# PROMPT
Print each line exactly, from the one with "Los socios de" to the very last line of the listing, and keep the pictures out.

# RAW DATA
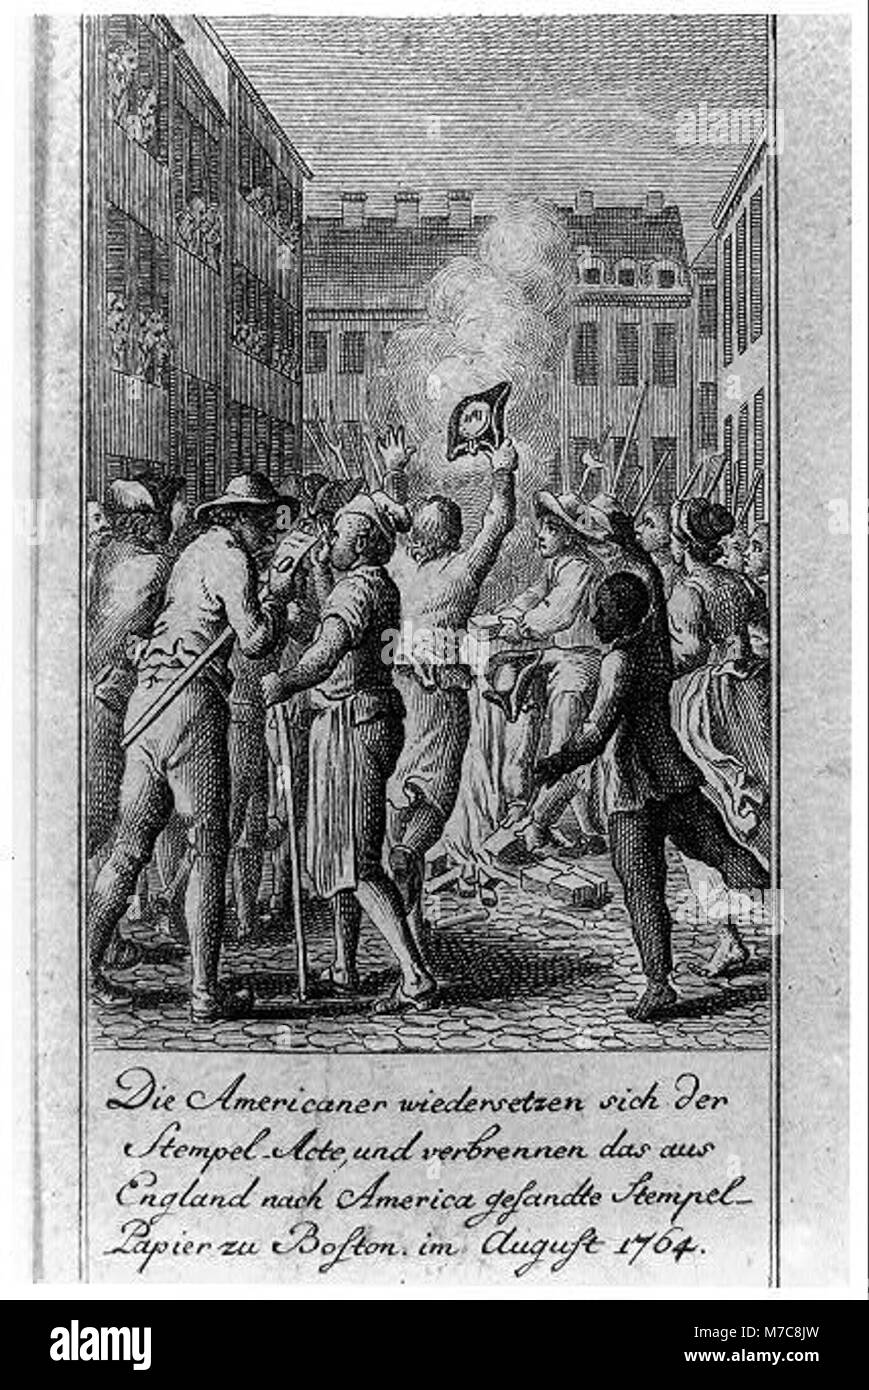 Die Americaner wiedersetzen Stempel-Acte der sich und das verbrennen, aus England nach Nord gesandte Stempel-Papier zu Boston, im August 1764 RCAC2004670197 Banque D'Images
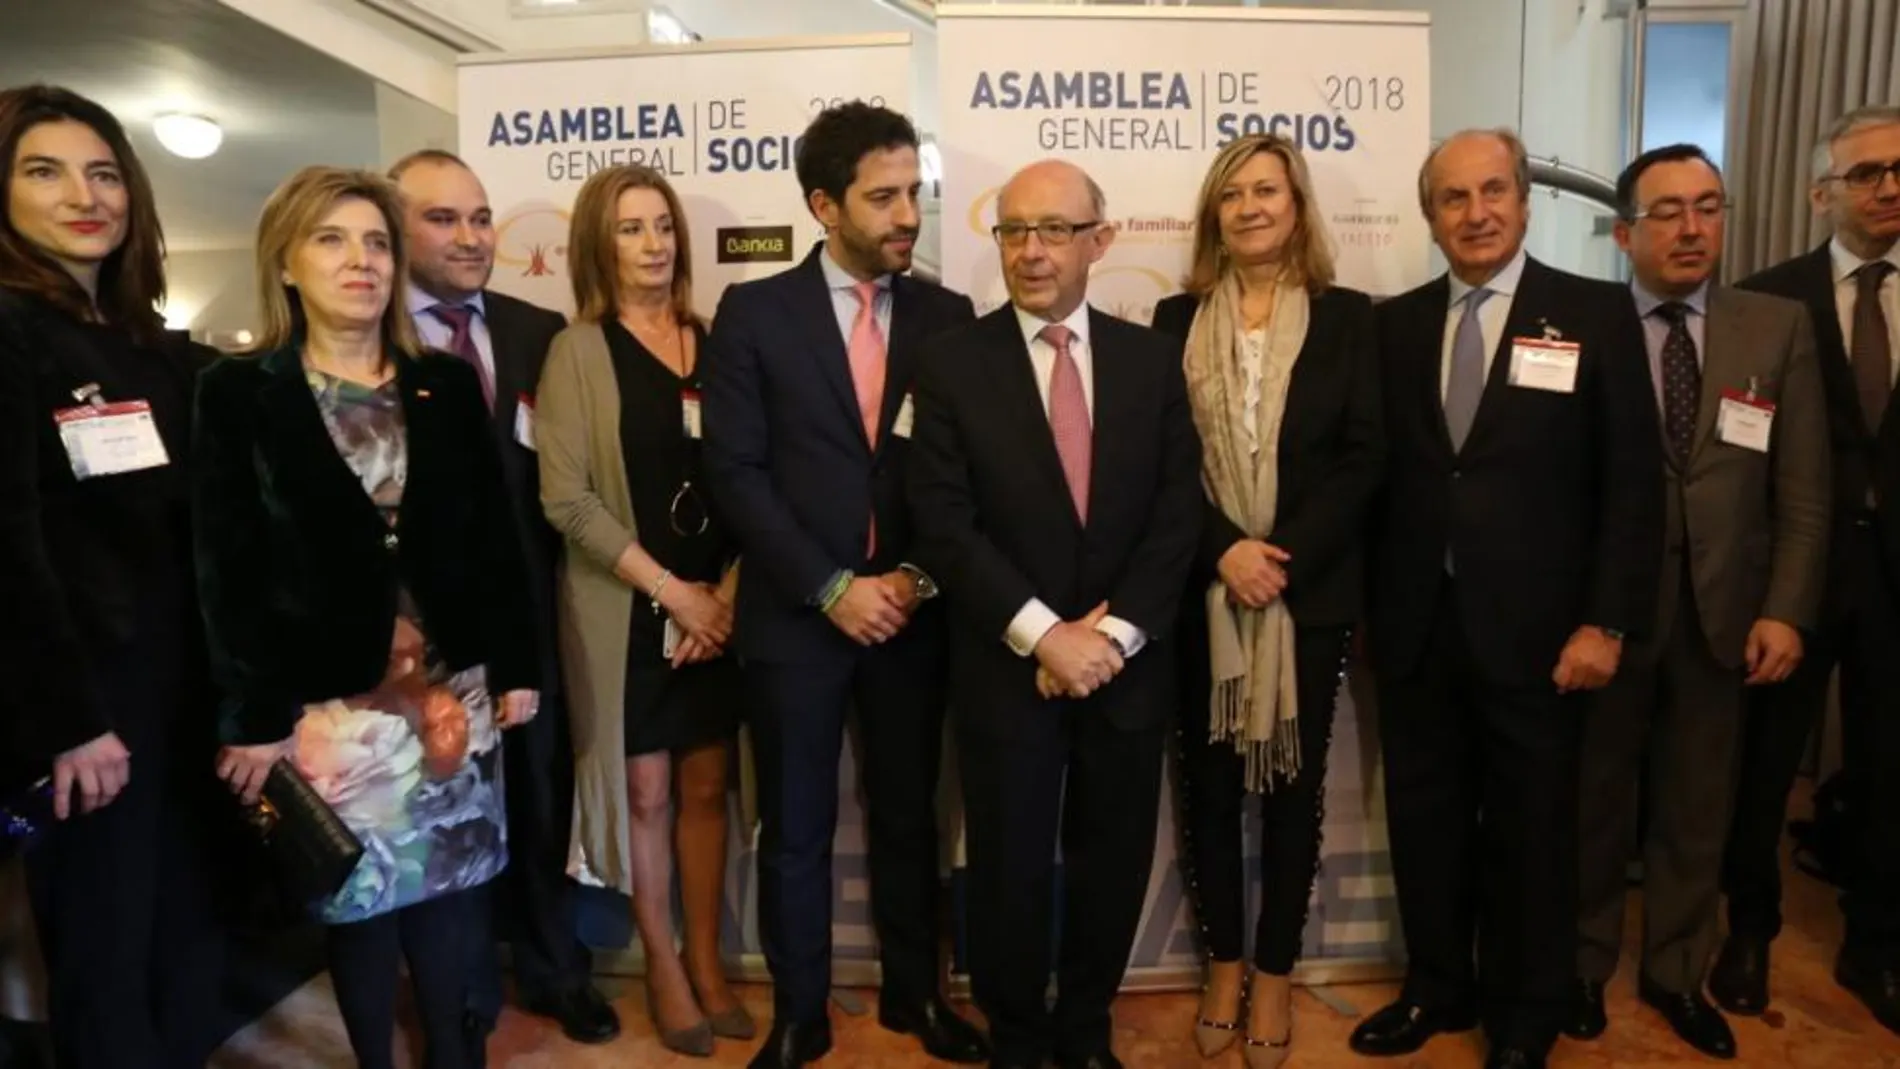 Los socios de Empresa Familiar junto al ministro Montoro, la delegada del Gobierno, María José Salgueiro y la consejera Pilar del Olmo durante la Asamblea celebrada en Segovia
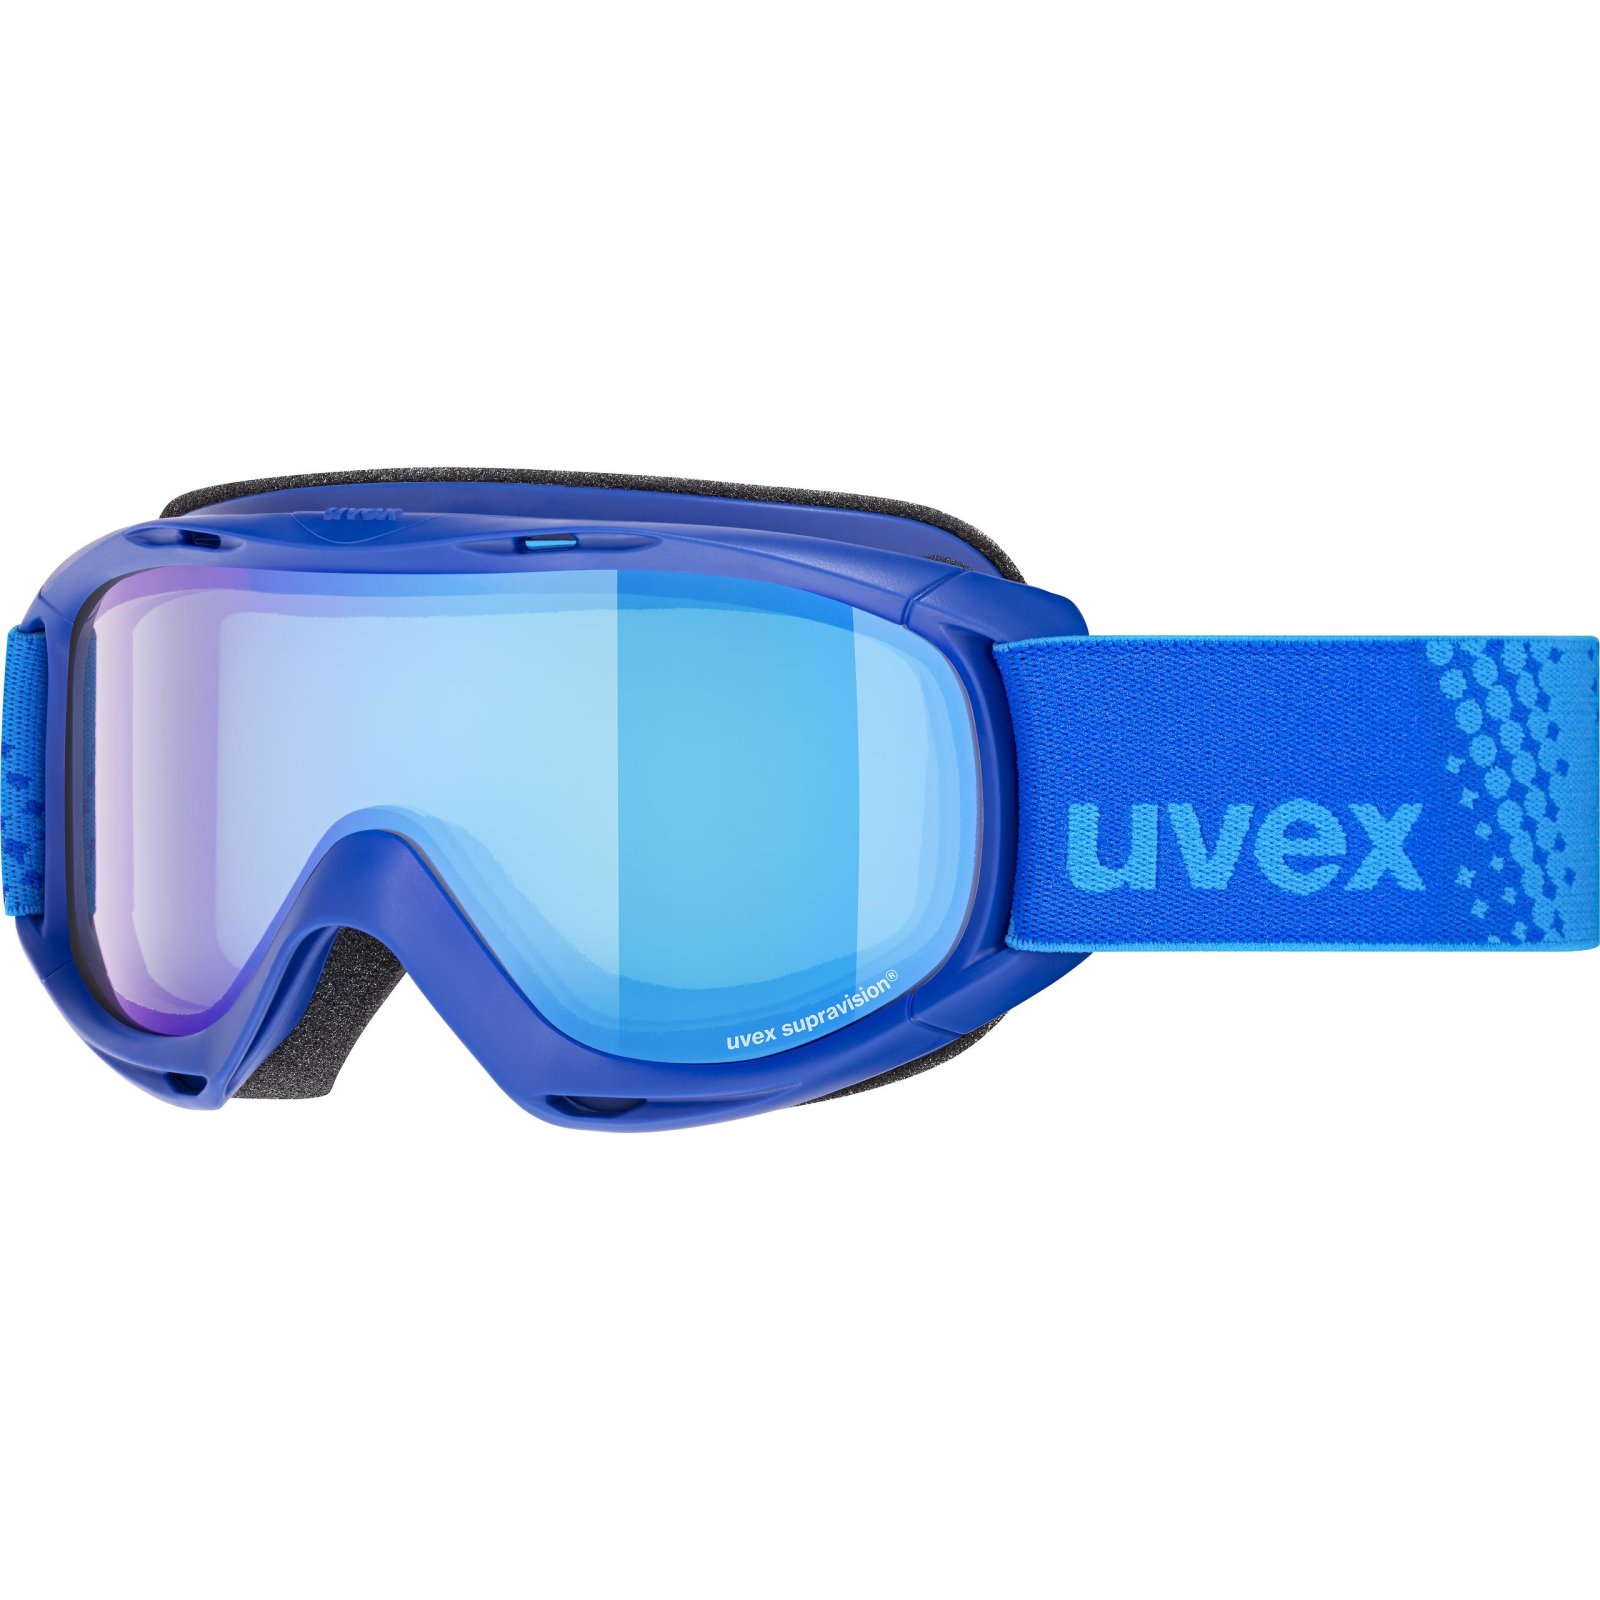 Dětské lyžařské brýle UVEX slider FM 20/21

# COMPLETED EXERCISE
 Los socios de Empresa Familiar junto al ministro Montoro, la delegada del Gobierno, María José Salgueiro y la consejera Pilar del Olmo durante la Asamblea celebrada en Segovia
 Dětské lyžařské brýle UVEX slider FM 20/21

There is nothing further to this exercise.